# Questions about Dwarf Gouramis



## Saki (Dec 27, 2005)

My dishwasher is very noisy and my tank is set up on the same counter, about four feet from it. I read that Dwarf Gouramis are frightened by loud noises. Would the roar of my dishwasher be too much for it to handle?

Also, will two male dwarf gouramis get along?

Thanks


----------



## Lydia (Feb 6, 2005)

I don't think that would be too loud. I have had a dwarf gourami in a tank that was in the same room as a piano, that got played often and loudly, and he never seemed to be scared by it.

I think it isn't recommended to put two male gouramis together.
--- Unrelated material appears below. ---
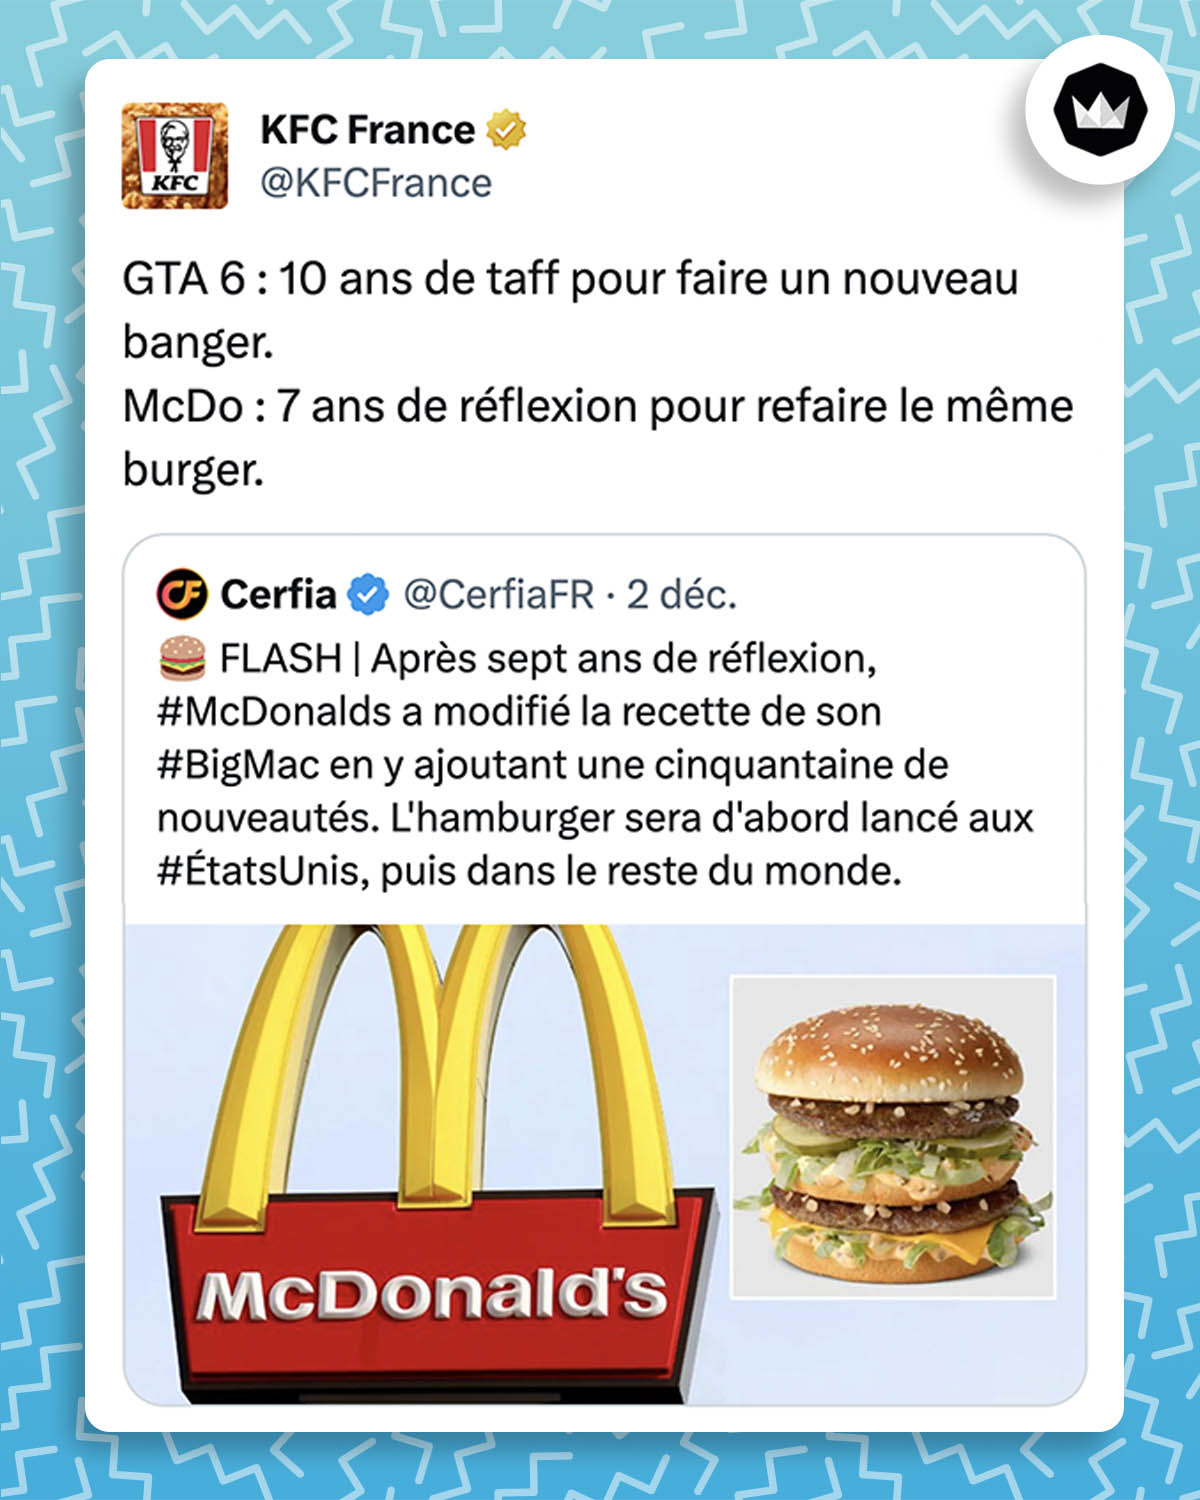 Tweet de KFC France : "GTA 6 : 10 ans de taff pour faire un nouveau banger. McDo : 7 ans de réflexion pour refaire le même burger." La marque répond à un tweet de Cerfia : "FLASH | Après sept ans de réflexion, #McDonalds a modifié la recette de son #BigMac en y ajoutant une cinquantaine de nouveautés. L'hamburger sera d'abord lancé aux #ÉtatsUnis, puis dans le reste du monde."

As far as I know they will not get along very well. I'm not positive though.


----------



## DUSTIN323 (Sep 21, 2005)

They might get along fine or the total opposite. I wouldn't put two males together. Rememeber they're related to bettas so they have some of their qualities. And I don't think the noise would bother 'em.


----------



## Saki (Dec 27, 2005)

Thank you for your replies...a few more questions. 

At my local pet store they have a tank filled with male dwarf gouramis. Would it be alright to get two as long as they're from the same tank or is there still a high chance that they won't get along? Or if I could get a female would it be alright to have just 1 male and 1 female in the tank together or do I need to have a 1 male to 2 female ratio for them to get along? Which sparks another question, is it possible to keep 2 females together without a male present?


----------



## TheOldSalt (Jan 28, 2005)

2 males- bad
2 females- okay
1 of each- perfect, unless they don't get along at spawning time.

Getting two males from the same tank won't work. Right now in their crowded tank there's no reason for them to fight. When they suddenly have a whole tank to themselves, though, they will fight like crazy.


----------



## mousey (Jan 18, 2005)

Thanks for the info-- these are the next fish i will have. Getting tired of livebeares and also over-run!
mousey


----------



## DUSTIN323 (Sep 21, 2005)

Also you may just wanna go with one male. Why? Because most petstores only sale males because the females are no wheres near as pretty they are grayish. I wanna get me 1m/1f. Fourtunately I live by a locally owned petshop that stocks both males & females. I also think the Petco here has a few females when they have a bunch of males but not the Petsmarts


----------



## bichirboy (Dec 24, 2005)

Isn't there a ratio that is supposed to work for males to females? Also, how big do the dwarves usually get? I want to get some for my 75 gallon planted when the time comes. Also, since they are related to Betas, I would assume that a male gouramis with a male Beta is a no no?


----------



## DUSTIN323 (Sep 21, 2005)

Well generally anything with long fins shouldn't be put with a betta like fancy guppies and gouramis.

They get about 3.5" long

I don't know about a ratio for them but would be 1m/1f or 1m/2f.

I'm getting a pair for my 20g tank I just got for Christmas. Which I've gotta post some pics of once everythings done with it.


----------